Just want to know how you guys feel about 4" pvc check valves in sewer lines. We have a company here that really pushes them. My experience with them is that they seem to cause more problems than they solve. I guess if the ho would take the time to clean them or have them cleaned once in a while they would be ok but they almost never do. Plus if I don't know they are in there I tend to get my snake stuck in the line. The only place I could see using them would be if you are the low house on the block. and even then I have reservations about them. This company makes it sound like if you have a check valve in your line you will never have a flooded basement again which we all know that is a bunch of crock. This is the same company that I talked about in my other post about lying to customers.


----------



## Cal (Jun 17, 2008)

NO THANK YOU !!! If you have problem floor drain or such ,,, use a flood guard fitting for that drain . I think a main line check is just a problem LURKING !!

Cal


----------



## uaplumber (Jun 16, 2008)

This is what we install.
No issues with snakeing
Only blocks line during back flow.
Mainline Backwater valve.


----------



## Herk (Jun 12, 2008)

Backwater valves are required here under UPC for any basement fixtures. Upper floors do not go through the backwater valve. Personally, I thought it was an idiotic move because of problems with plugged lines, but the state in their infinite wisdom made it law.


----------



## Redwood (Sep 8, 2008)

I do not favor the installation of check valves but there are often sewer systems of an area that may be succeptable to frequent back up. Particularly those in areas with combined systems during storms where the addition of storm waster to the sewers overwhelm the system design.

Maintainance of the check valve is often a problem as the access is often difficult. My preference if a valve has to be installed would be this one where servicing is done from a clean out at ground level vs. a manhole.
http://www.cleancheck.com/


----------



## Herk (Jun 12, 2008)

I love that one, Redwood! What a great idea.


----------



## UnclogNH (Mar 28, 2009)

I love check valves. Especially when there full of baby whipes and buried with no access.


----------



## Bollinger plumber (Apr 3, 2009)

UnclogNH said:


> I love check valves. Especially when there full of baby whipes and buried with no access.

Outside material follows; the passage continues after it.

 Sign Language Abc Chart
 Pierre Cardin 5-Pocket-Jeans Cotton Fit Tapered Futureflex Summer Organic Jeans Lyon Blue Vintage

 Yes I agree with you there. My question is though would you recommend them to be installed in a line? I can see some circumstances where it would do good like being the low man on the block and the city sewer backs up or like someone else mentioned where rain water becomes a factor. but this is only if the valve is cleaned on a regular basis. Which I don't see that happening. This ad I talk about makes it sound like if you install one you will never have water or sewage backing up in your basement. I don't see that happening. misleading ads like this make it hard to try and explain to a ho that if you flush g i joe down your sewer line you will have sewage in your basement if you continue to use your plumbing or if you have a running toilet or faucet.


----------



## UnclogNH (Mar 28, 2009)

Yes, I do believe they are good, and very useful as long as they are properly maintained with access. Definitely if someone is the low guy on the street they need one. just makes someone else the low guy and they need one to and so on and so on. $$$$ if you can sell them to everyone.
But regardless everyone's sewer will back up atleast with a back flow preventer they can control how much they flood and can stop usage. The City line on the other hand can keep on coming up big mess


----------



## Airgap (Dec 18, 2008)

If I know they are there, okay. I don't like to find them the hard way.


----------